Der Berg von unbearbeiteten Verfahren am Landgericht wächst seit fünf Jahren kontinuierlich an. Der Grund: die steigende Zahl von Straftaten

Wenn es bis zum Prozess lange dauert, fällt schwer zu klären, wer die Finger im Spiel hatte. Foto: (dpa)

BREMEN taz | Das Bremer Landgericht fordert die Einstellung von neuen RichterInnen – um den hohen Bestand an Altfällen abarbeiten zu können. Als solche gelten die derzeit 208 Verfahren, die schon länger als 33 Monate beim Landgericht liegen. Darunter befinden sich rund zehn Verfahren, die vor 2014 eingegangen sind und in denen es um Sexualstraftaten oder andere Gewalttaten geht. Die mutmaßlichen Täter sind nicht in Untersuchungshaft.

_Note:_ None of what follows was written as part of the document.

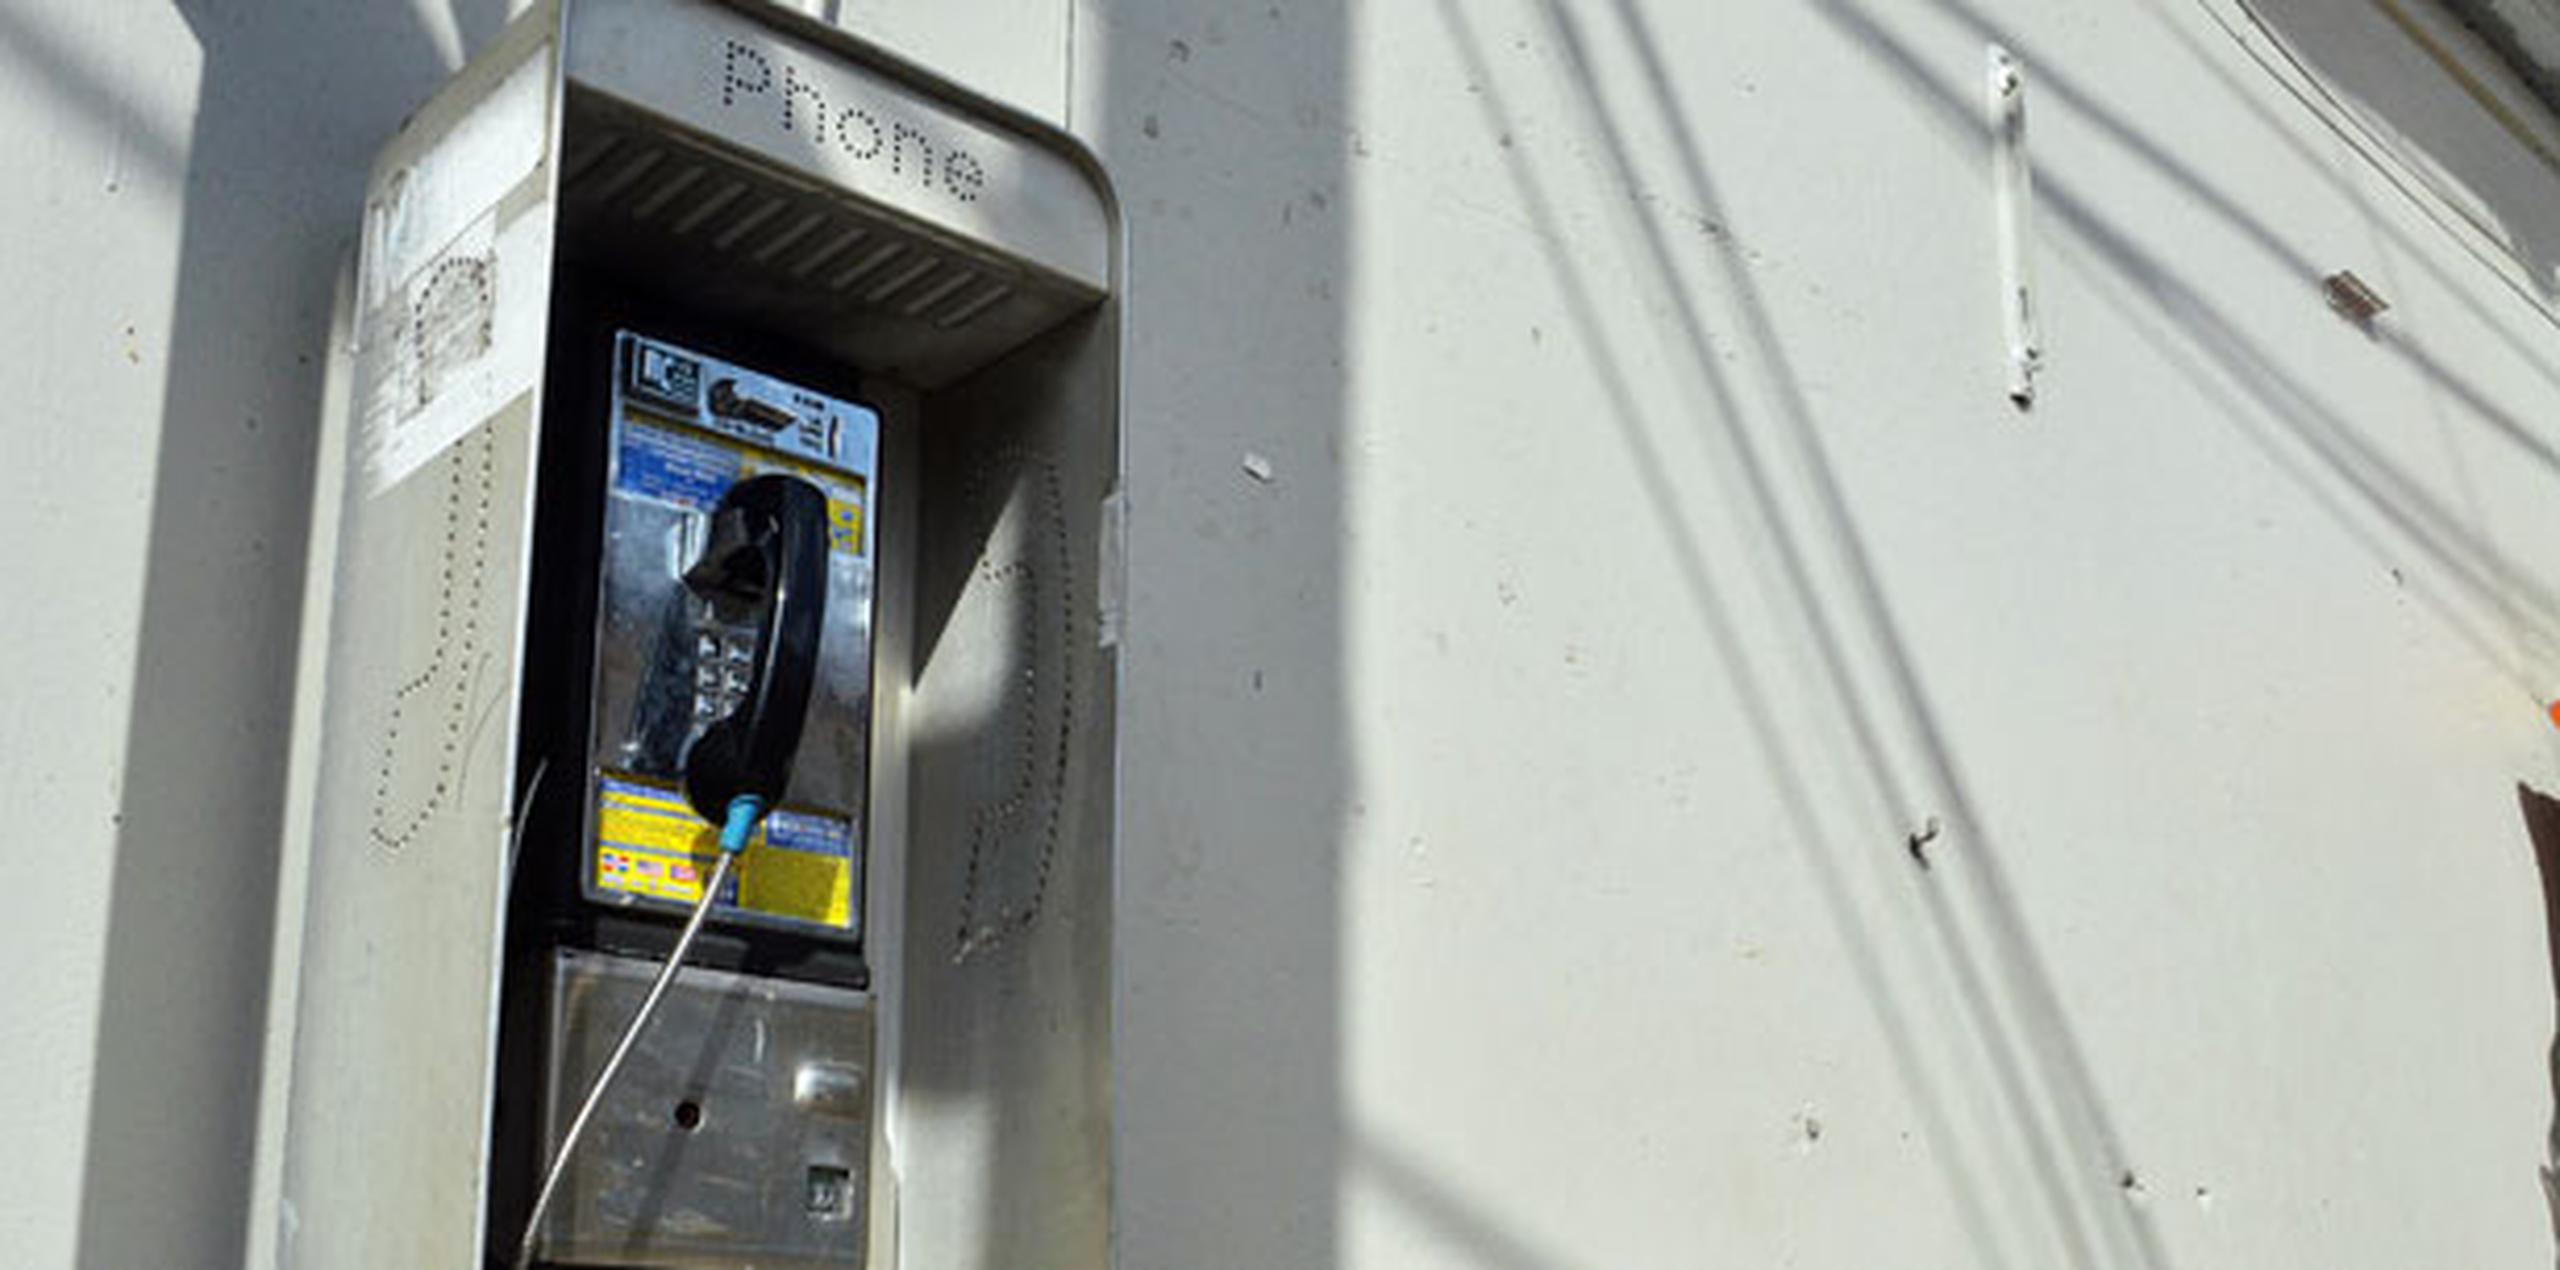 Los dispositivos reemplazarían unos 8,400 teléfonos públicos en 6,452 puntos de la ciudad. (Archivo)

„Das sind Verfahren, die wir eigentlich sofort eröffnen müssten“, sagte am Montag Karin Goldmann, Präsidentin des Landgerichts. „Bei einer Vergewaltigung ist ein Jahr schon zu viel“, sagte sie. Denn die Tat selbst könne noch weiter zurückliegen, weil zuvor noch Polizei und Staatsanwaltschaft ermittelt haben – oder weil eine Betroffene einen Täter erst als Erwachsene angezeigt hat. „Je länger die Tat zurückliegt, desto geringer werden die Chancen auf ein Urteil, weil die Zeugen sich nicht mehr erinnern können.“ Gerade bei Sexualstraftaten gibt es selten andere Beweise als Zeugenaussagen.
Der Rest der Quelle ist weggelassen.